(Bild: Keystone)
International

Kein Grand Prix von Australien

Die Vernunft hat am Ende doch noch gesiegt. Der Grand Prix von Australien ist nach langem Werweissen der Organisatoren abgesagt worden.

Es hatte lange, sehr lange gedauert, bis auch die Rechteinhaber der Formel 1, die lokalen Behörden, die örtlichen Organisatoren und die Vertreter des Internationalen Automobil-Verbandes sich zur Absage durchringen und sich von ihrem Ansinnen lösen konnten, das Programm in Melbourne trotz aller widriger Umstände, Unmutsbekundungen und Protesten durchzuziehen.

Das Zögern der Verantwortlichen öffnete den Spekulationen in Melbourne bis in den Freitagmorgen hinein Tür und Tor. Der Inhalt der praktisch im Halbstundentakt verbreiteten Meldungen wechselte ständig. Von der Bestätigung des Grand Prix bis zur Absage war in diesem unübersichtlichen Wechselspiel alles dabei.

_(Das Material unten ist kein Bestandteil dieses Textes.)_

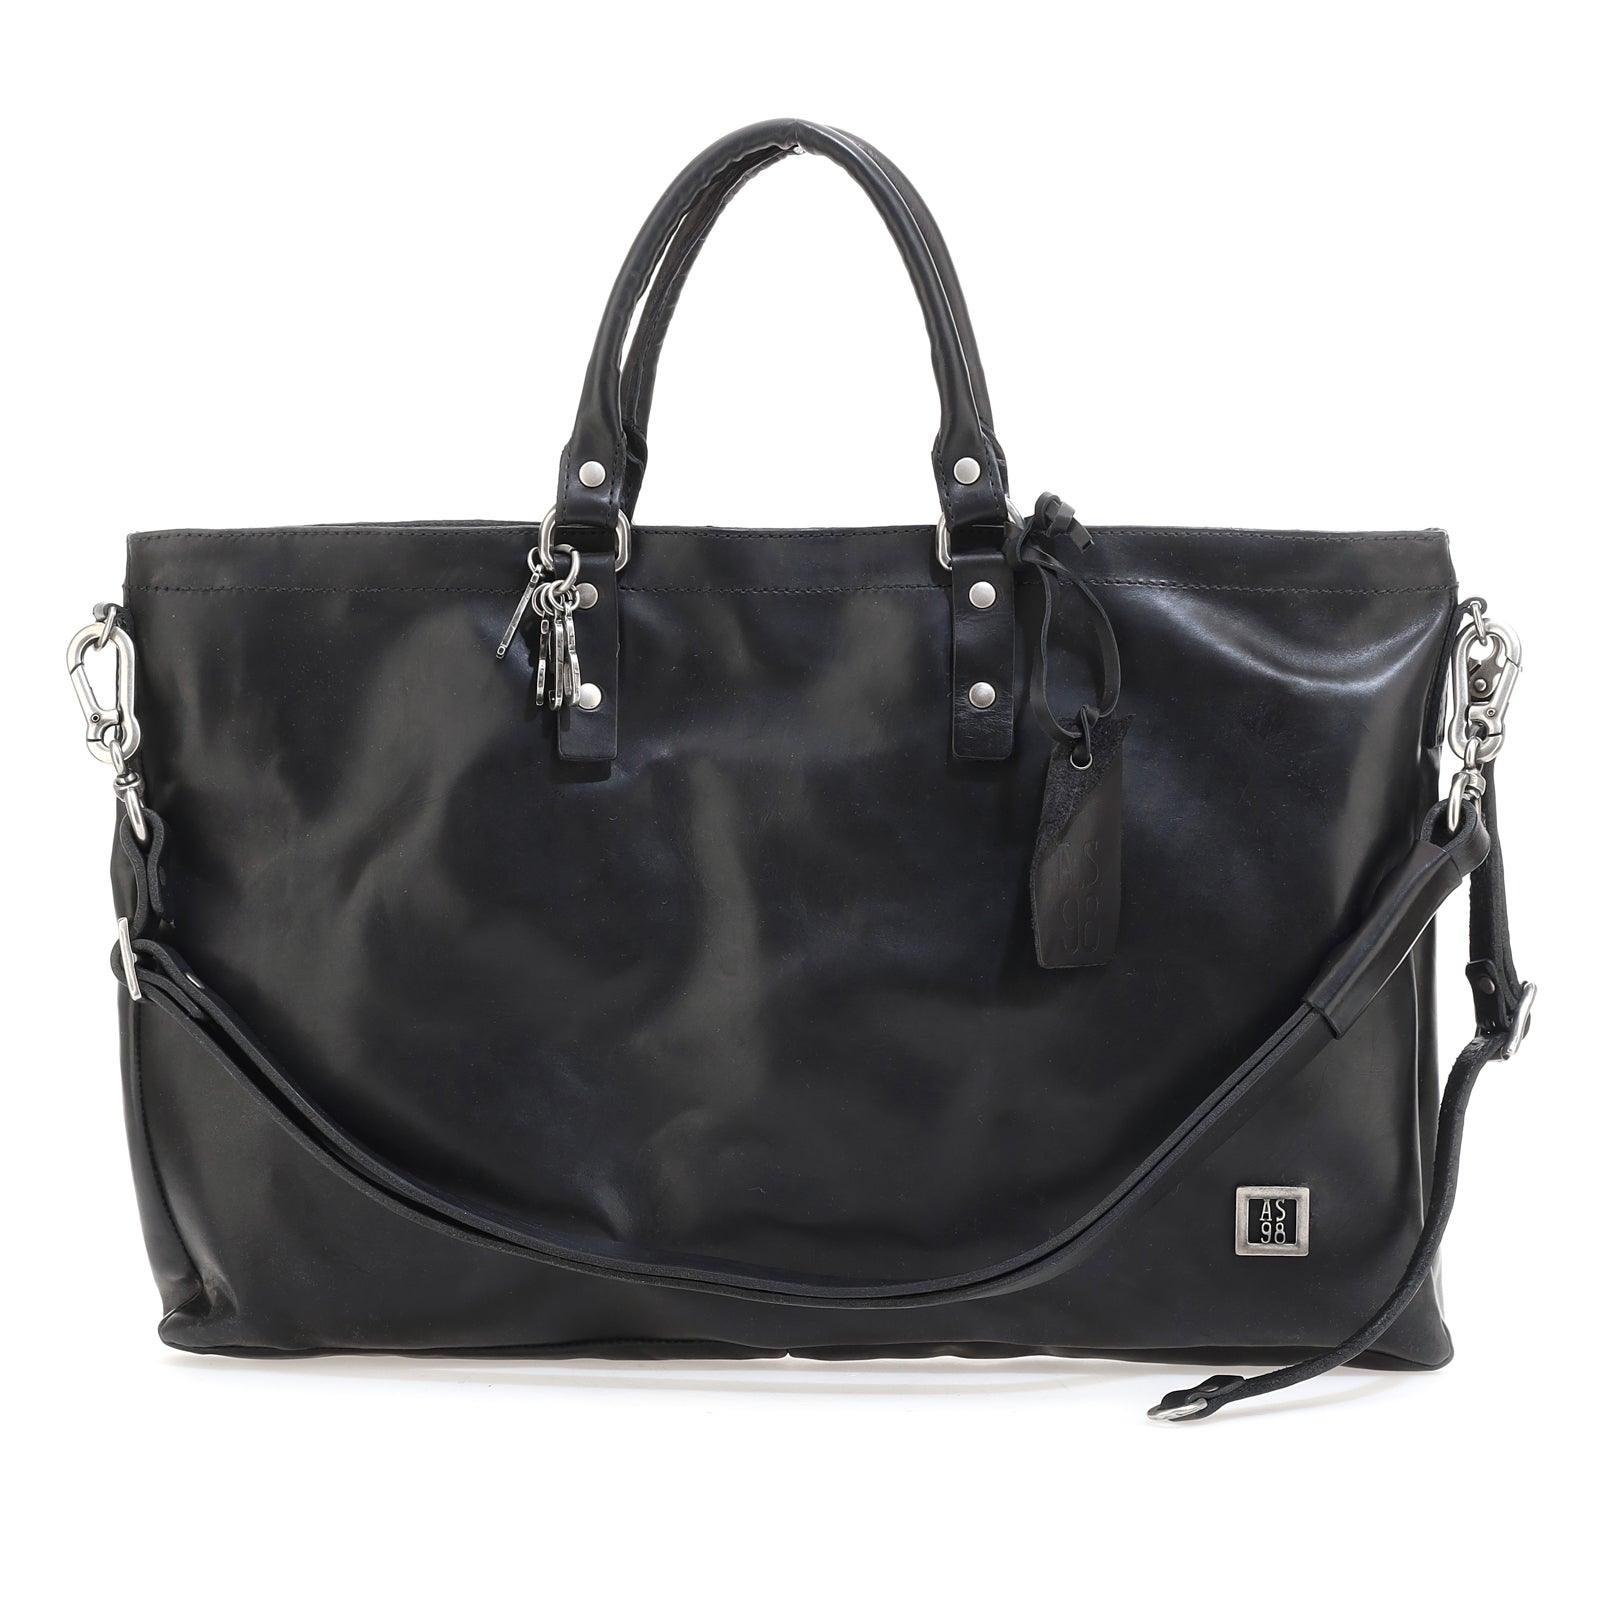 Bonny - A.S. 98 - Handbags

Zeitweise war die Situation völlig unübersichtlich. Dazu passte die Ansammlung von vielen hundert Zuschauern, denen der Zugang auf die Anlage im Albert Park verweigert wurde. Knapp zwei Stunden vor dem geplanten Beginn des ersten Trainings hatten die Irrungen und Wirrungen ein Ende und wurde die Absage bestätigt. Begründet wurde der Schritt mit der nicht gewährleisteten Sicherheit.

Der finanzielle Aspekt

Die Sicherheit ist im Zuge der Verbreitung des Coronavirus natürlich ein Thema. Doch in Tat und Wahrheit ging es bei den sich hinziehenden Verhandlungen vorab ums Geld. Wer die Absage bestimmt, muss auch für die entstandenen Kosten gerade stehen. Dass der Internationale Automobil-Verband FIA, das Formel-1-Management und die Veranstalterin Australian Grand Prix Corporation die Absage in einem gemeinsamen Schreiben verkündet haben, deutet auf einen Vergleich in Bezug auf die Haftung hin.

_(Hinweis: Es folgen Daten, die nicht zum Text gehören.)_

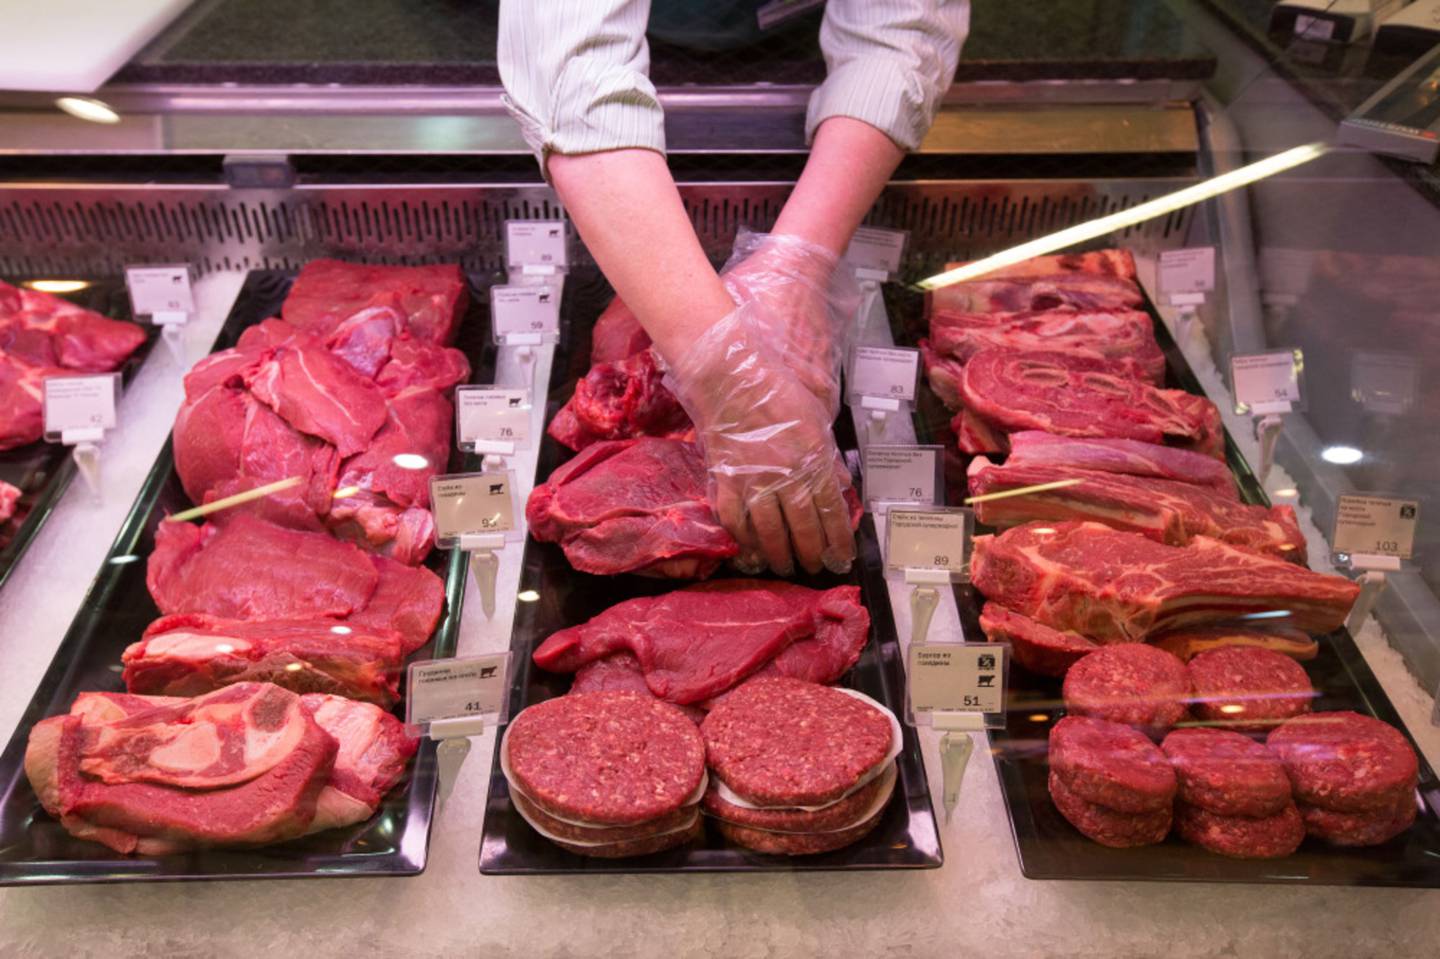 Un trabajador organiza cortes de carne para exhibirlos en un supermercado.

Der Erklärung war ein Treffen von Ross Brawn, dem Technischen Direktor der FIA, mit den Teamchefs vorausgegangen. Die Verantwortlichen von Mercedes, Ferrari, Renault und Alfa Romeo beschlossen danach, auf die Teilnahme am Grand Prix zu verzichten. McLaren hatte sich schon zuvor zurückgezogen. Grund für den Verzicht war die Erkrankung eines Mitarbeiters der Equipe am Coronavirus. Der bestätigte Verdachtsfall brachte schliesslich die angedachte Absage des Rennen endgültig ins Rollen.

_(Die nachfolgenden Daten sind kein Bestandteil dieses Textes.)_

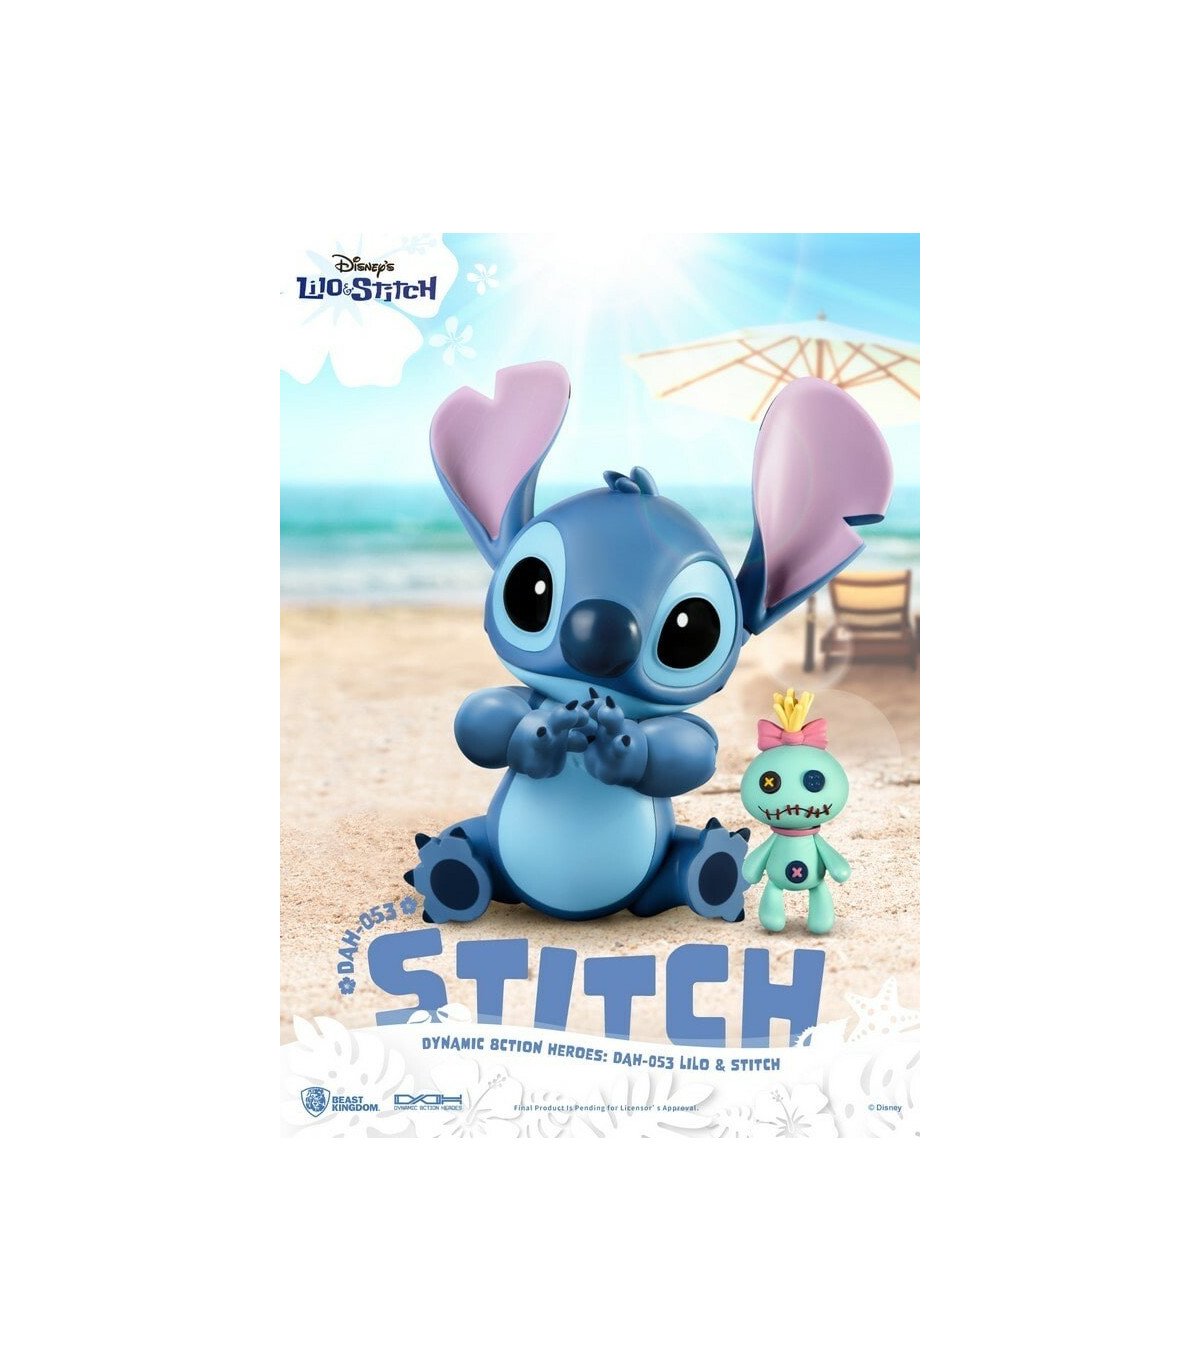 Coffret de figurines Lilo et Stitch

Es war der richtige Entscheid. Das Festhalten an der Durchführung des Grand Prix hätte ein ganz schlechtes Licht auf die Formel 1 geworfen in einer Zeit, in der in Ländern flächendeckend das öffentliche Leben stillsteht, Grenzen dicht gemacht werden und die Folgen des sich weiter ausbreitenden Erregers immer mehr auch die Weltwirtschaft in Bedrängnis bringen. In Relation ist der Stellenwert eines Formel-1-Rennens überschaubar, umso mehr die Welle von Absagen längst auch Veranstaltungen in anderen grossen Sportarten erfasst hat.

Die nächsten Fragezeichen

Als nächstes Rennen steht der Grand Prix von Bahrain im Kalender. Ob das Rennen in der nächsten Woche ausgetragen werden kann, ist allerdings sehr fraglich. Auf jeden Fall würde die Veranstaltung in Sakhir ohne Zuschauer stattfinden. Ebenfalls auf der Kippe steht die Premiere des Grossen Preises von Vietnam. Die Prüfung auf dem Stadtkurs in Hanoi ist weitere zwei Wochen später terminiert. Sicher ist seit langem, dass es den Grand Prix von China nicht geben wird – zumindest nicht wie ursprünglich vorgesehen Mitte April.